For CollateX, see https://collatex.net/. For the Collation Editor, see https://github.com/itsee-birmingham/collation_editor.
Images in TC are always held in IIIF format, and may be accessed via IIIF calls:
urn:det:tc:usask:CTP2/document=Hg:folio=1r?type=IIIF&format=url For a given document page, returns the url call which when called returns the json structure from which the IIIF viewer generates the image of this page. Note that as TC might have multiple images for a page, the urls are held in a JSON array with each element of the array being the url for one image. If there are no images for this page, the array is empty (as of January 2019: multiple images per page are not implemented in TC)

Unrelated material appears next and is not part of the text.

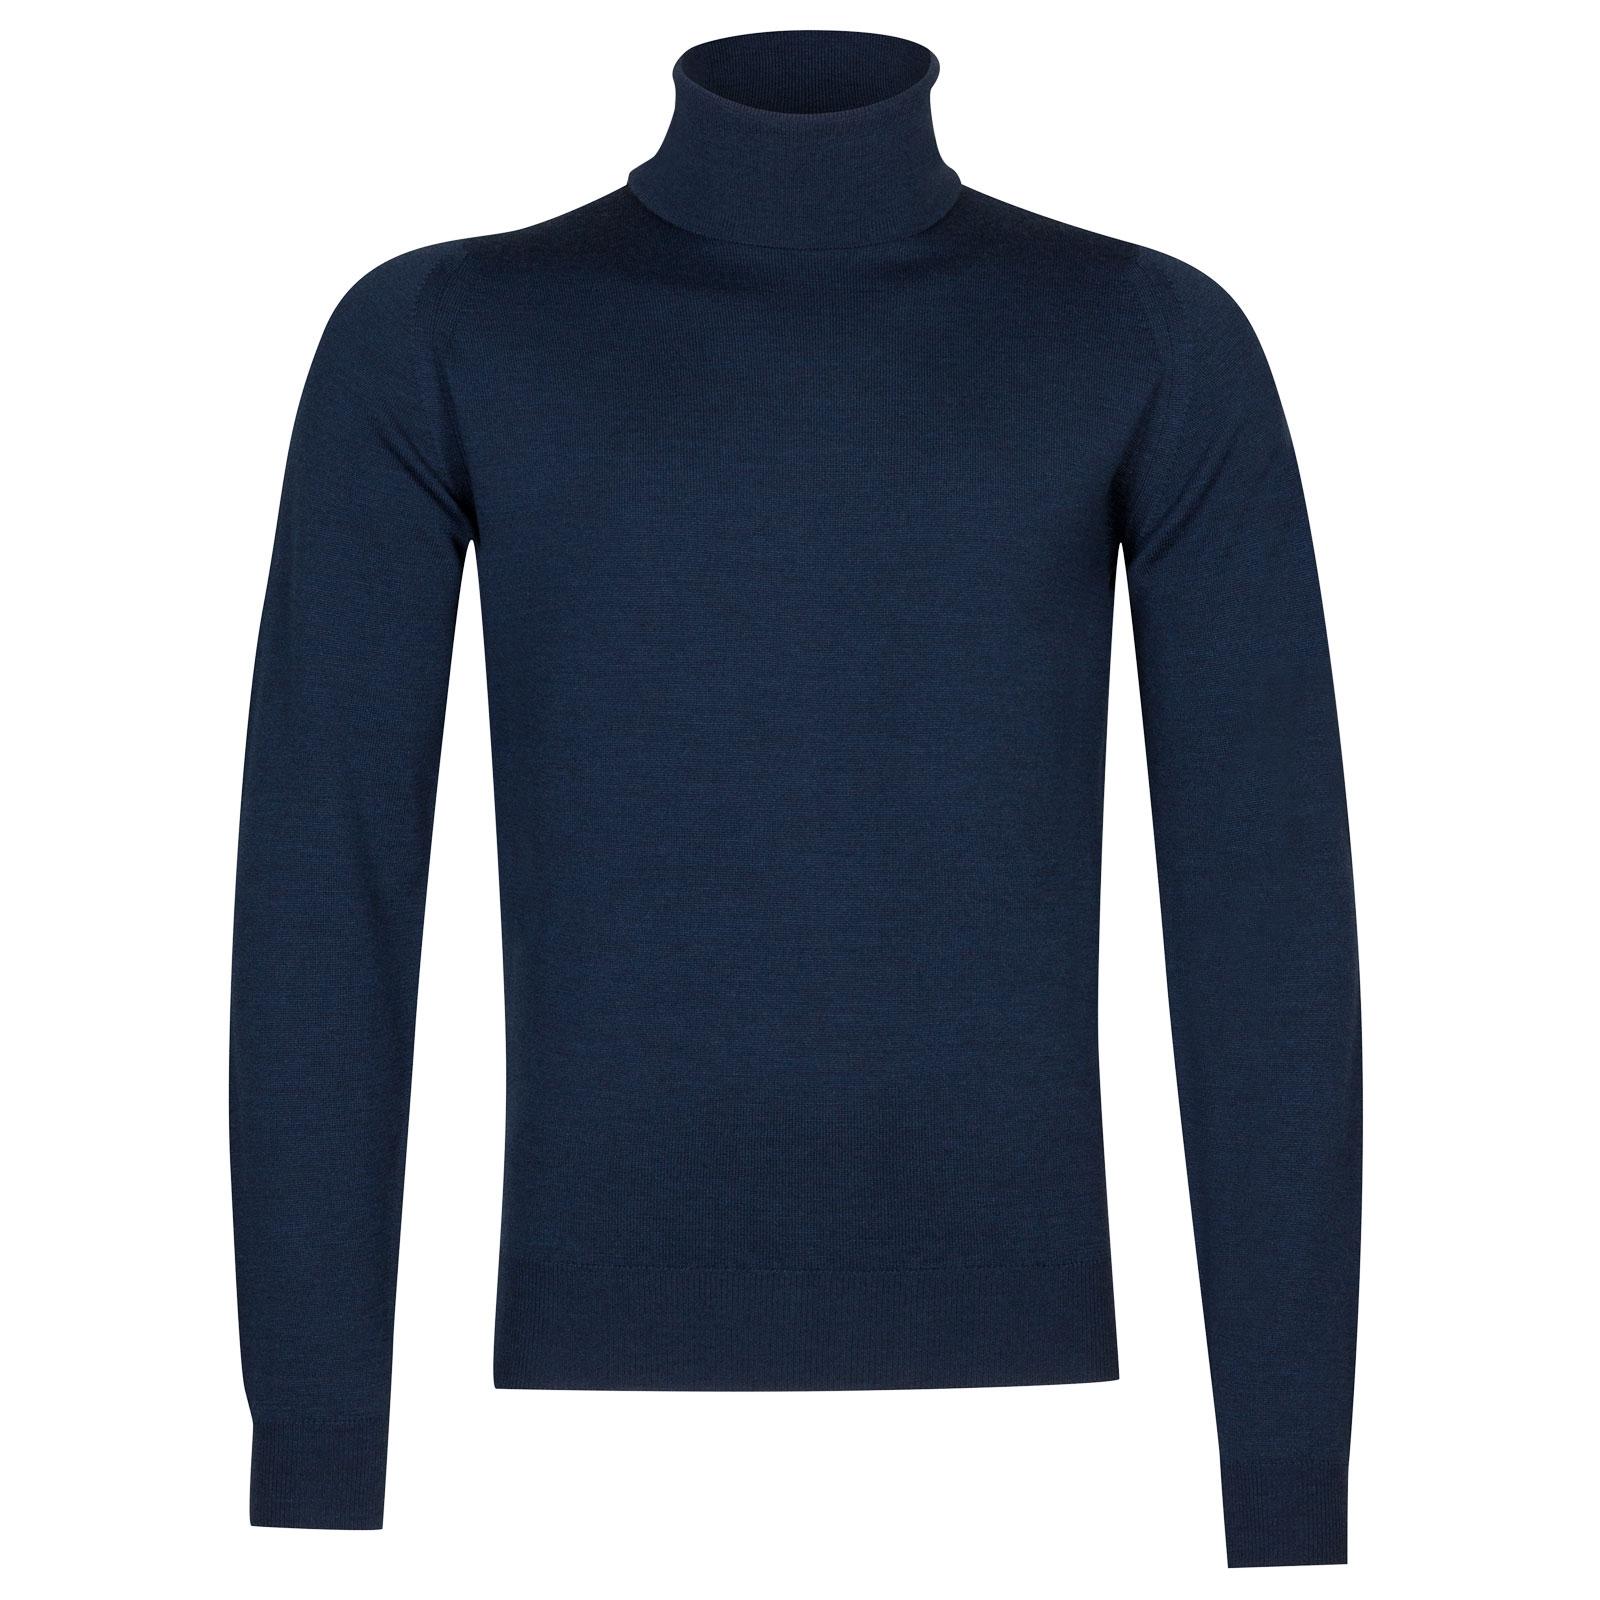 John Smedley Connell Merino Wool Pullover in Indigo-M

urn:det:tc:usask:CTP2/document=Hg:folio=1r?type=IIIF&format=json For a given document page, returns the json structure from which the IIIF viewer generates the image of this page. As above, because TC might have multiple images for a page, the json structures are held in an array. Note that images in TC may actually be held not within TC's own IIIF server but might be on another IIIF server. The calls above are still valid: they will simply direct the call to that other server, and all should still work just as if the images were actually on TC's own IIIF image server.
Wildcard calls
The wildcard * can be used in calls to specify every instance of a resource. You can use sequences of wildcard calls to construct heirarchical menus. For example: first you retrieve a list of all the communities; then choose a community, retrieve a list of all the documents in the community, choose a document, retrieve a list of all the pages in the document, and then retrieve the transcription of that page.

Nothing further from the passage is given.